Dataset records Block Start

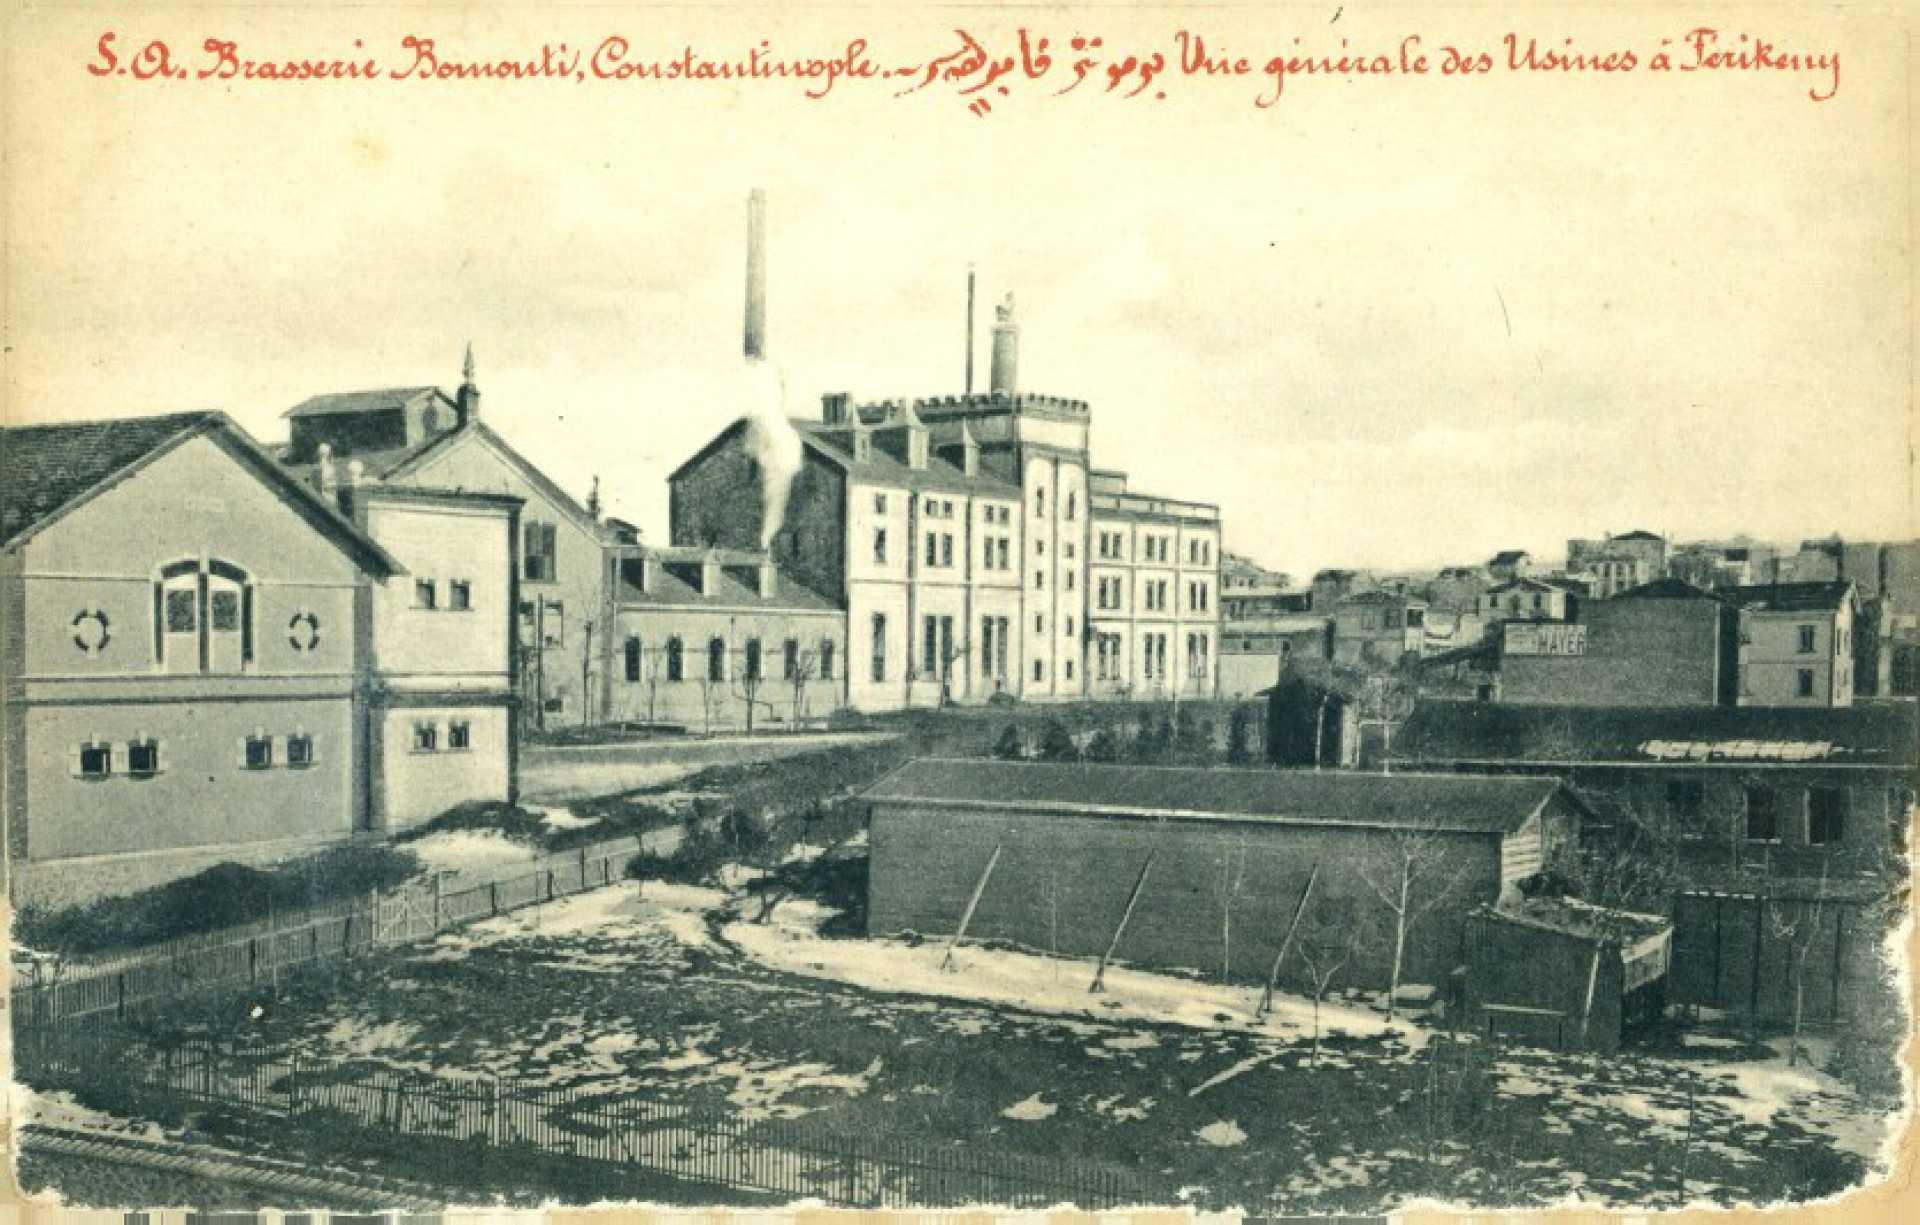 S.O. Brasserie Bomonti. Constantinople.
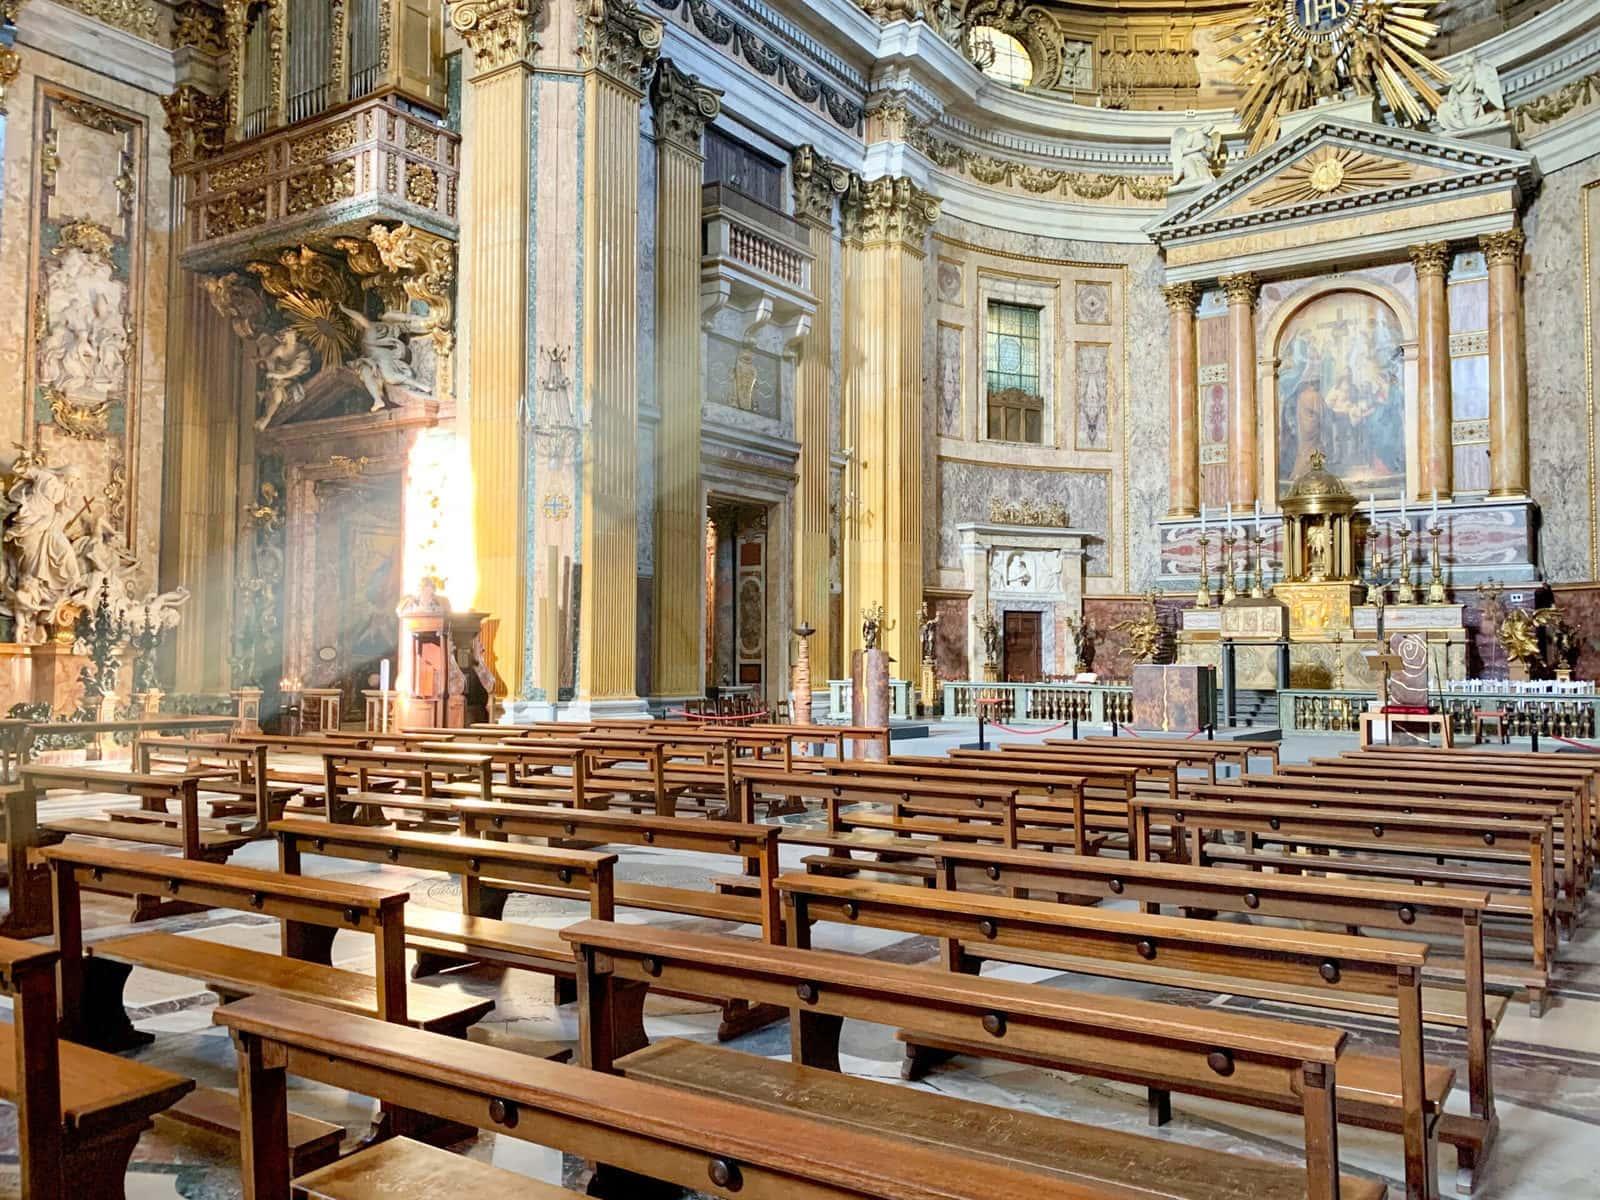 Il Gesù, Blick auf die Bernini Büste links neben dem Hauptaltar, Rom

Dataset records Block End
Dataset records Block Start

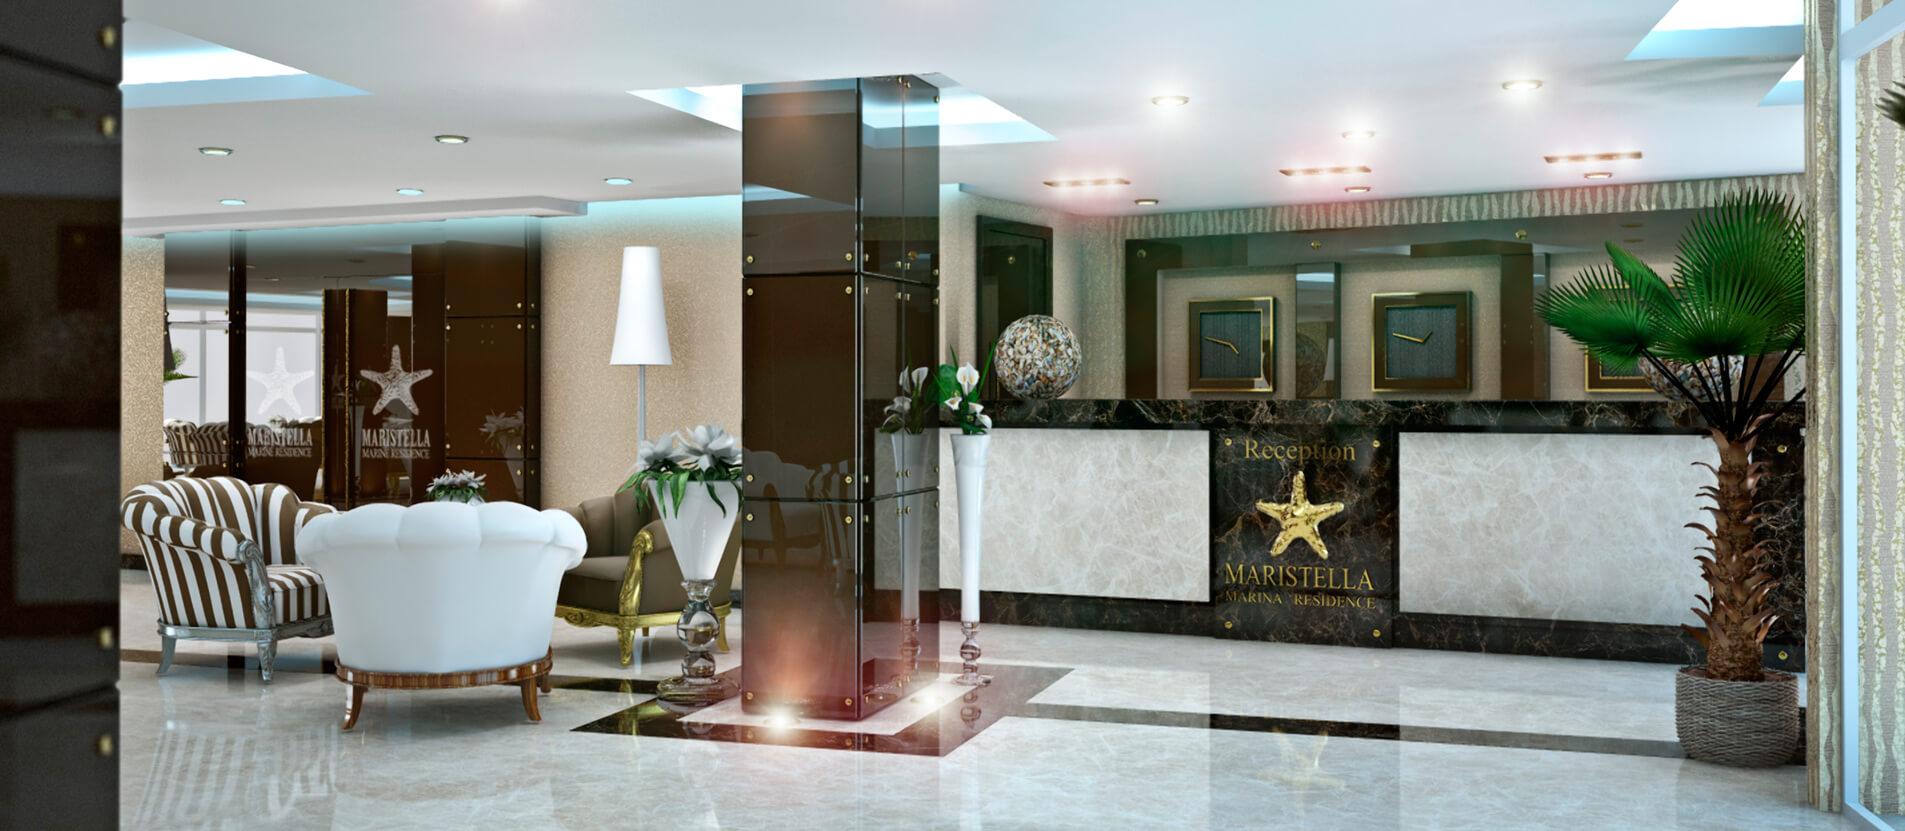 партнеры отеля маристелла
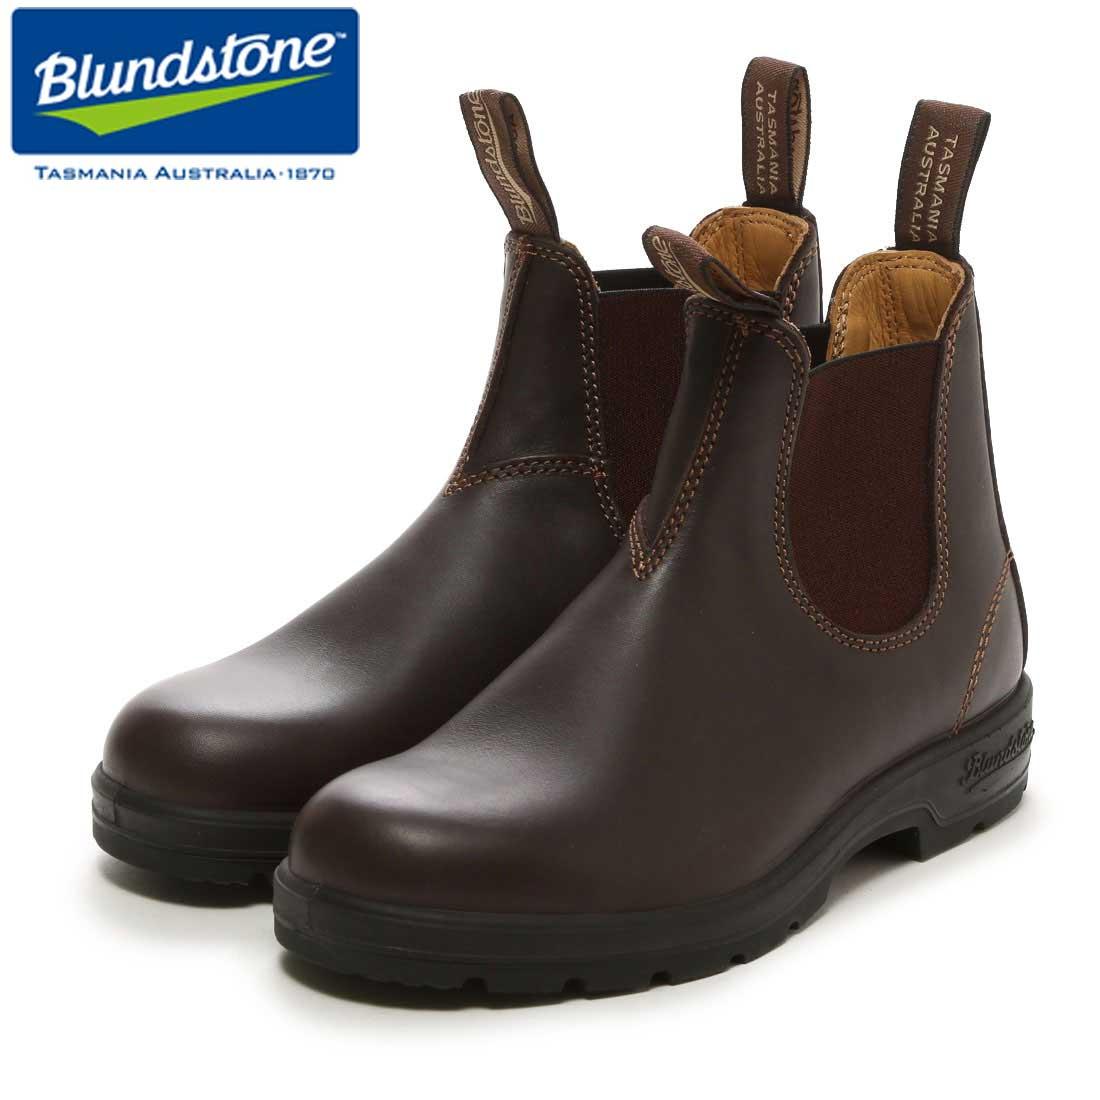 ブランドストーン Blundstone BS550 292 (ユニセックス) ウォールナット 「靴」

Dataset records Block End

**Directions for this task:** Using the data above, retype exactly the lines from the line with "S.O. Brasserie Bomonti. Constantinople." to the line with "Il Gesù, Blick", inclusive. No pictures and nothing else.

**Result of the task:**
 S.O. Brasserie Bomonti. Constantinople.
 Il Gesù, Blick auf die Bernini Büste links neben dem Hauptaltar, Rom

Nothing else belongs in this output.